En las últimas semanas, unas ganas y unas certezas de que ese festejo colectivo sucedería estuvieron siempre ahí. No sólo eso, sino que existían cada vez más fuertes, se acumulaban in crescendo.
Me perdí la vuelta por el Olmos el último 9 de julio: me repetía a mí misma que igualmente podría festejar una vez más el domingo. Al último hasta imaginaba la visita de la copa por las ciudades, los desfiles; en mi fantasía, hasta pegaba onda con Pipita Higuaín. Qué bravo todo.
Las ganas de tirar los papelitos habían podido más.
En verdad no sé muy bien qué hacíamos ahí, después de todo, contentos pero sin poder sostener la mirada un segundo y detener el puchero. De repente pensaba, qué hacemos que no hemos aprovechado las Leonas, los Pumas, las copas del tenis para celebrar más seguido. «Que no se corte» resumirían algunos.
Sobrevivía la costumbre de pasear a pie por la Yrigoyen, por ejemplo, sin tener que aguantar automóviles aquí y allá.

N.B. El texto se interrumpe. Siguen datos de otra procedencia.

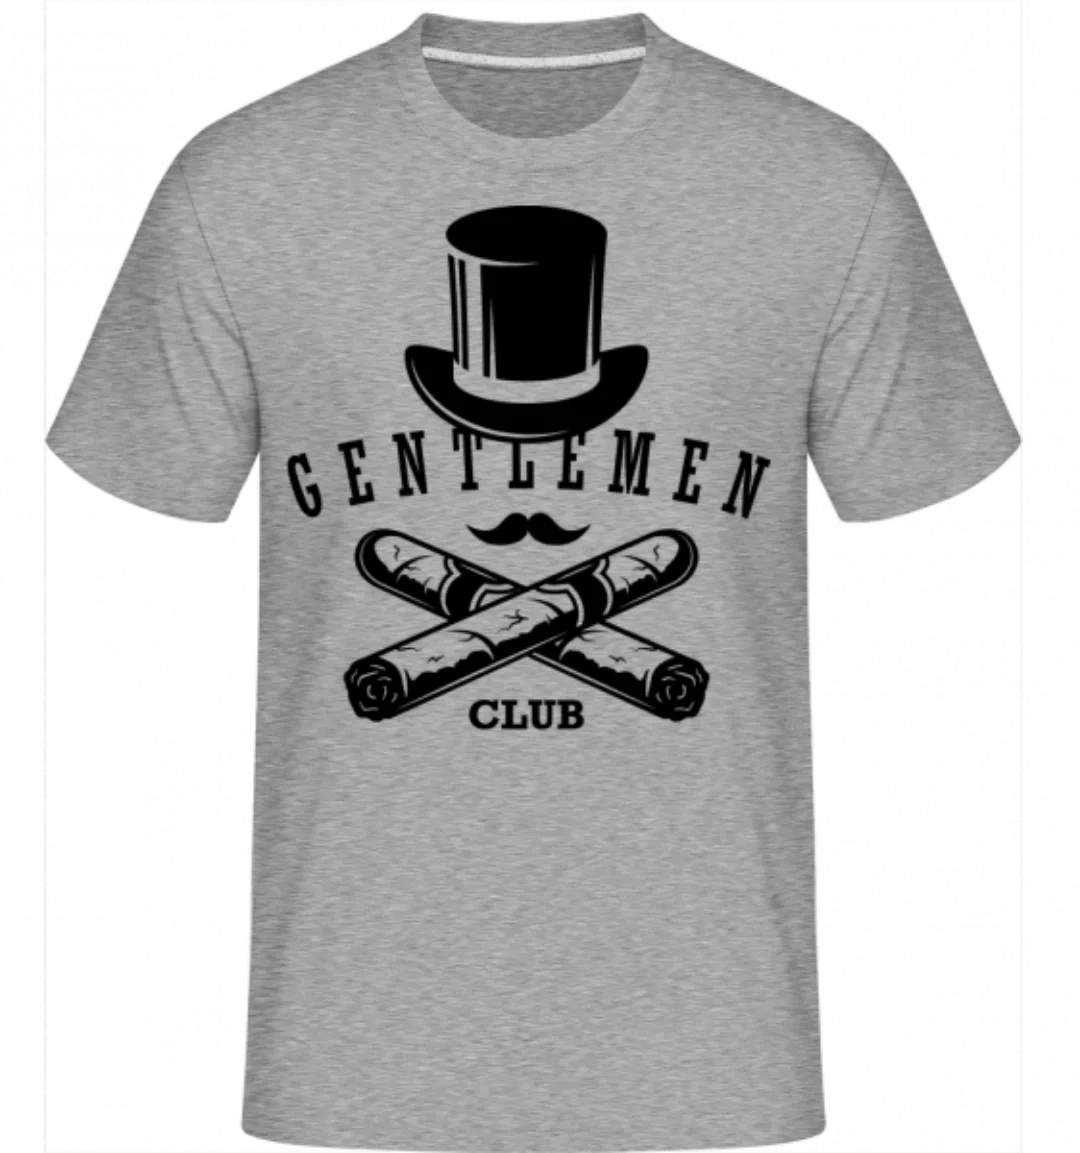 Gentlemen Club · Shirtinator Männer T-Shirt günstig online kaufen
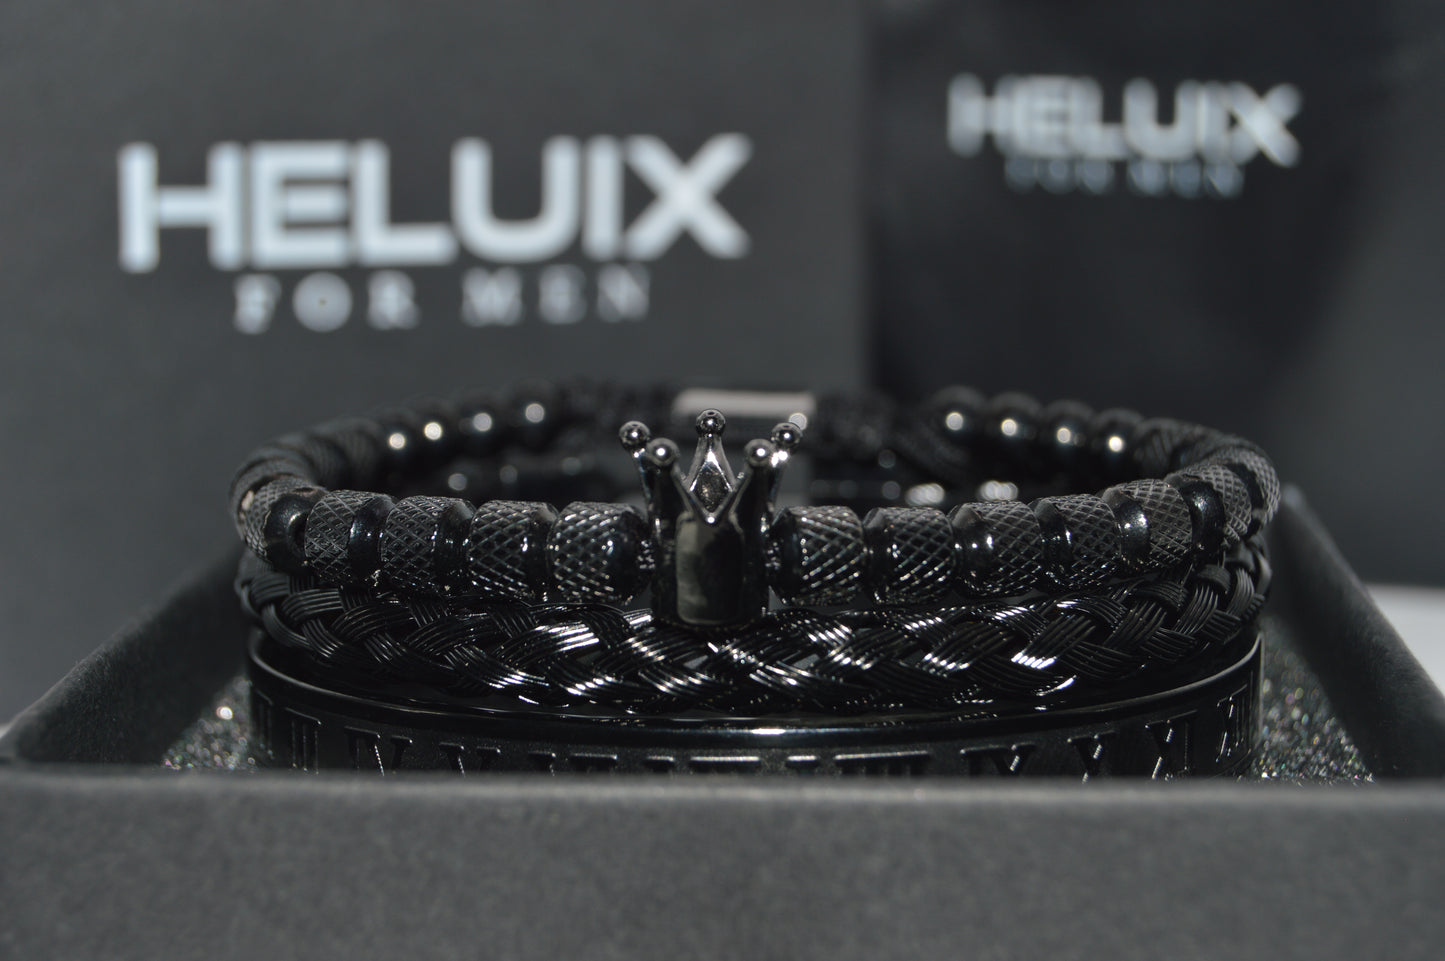 Luxury Mens Stainless Steel Crown Bracelet Set in Black

Ni qué decir de las latas de espuma loca, los redoblantes sonando sin parar y las bombas de estruendo propiamente detonadas.
Después de aquella final escurridiza y de aquel anochecer atontado y alunado de domingo, quedaron las ganas de llevarse el mejor souvenir de este mundial.
Y esa necesidad de apropiarse de todo, de recorrerlo todo, de salir no importa cómo a festejar a la calle una vez más.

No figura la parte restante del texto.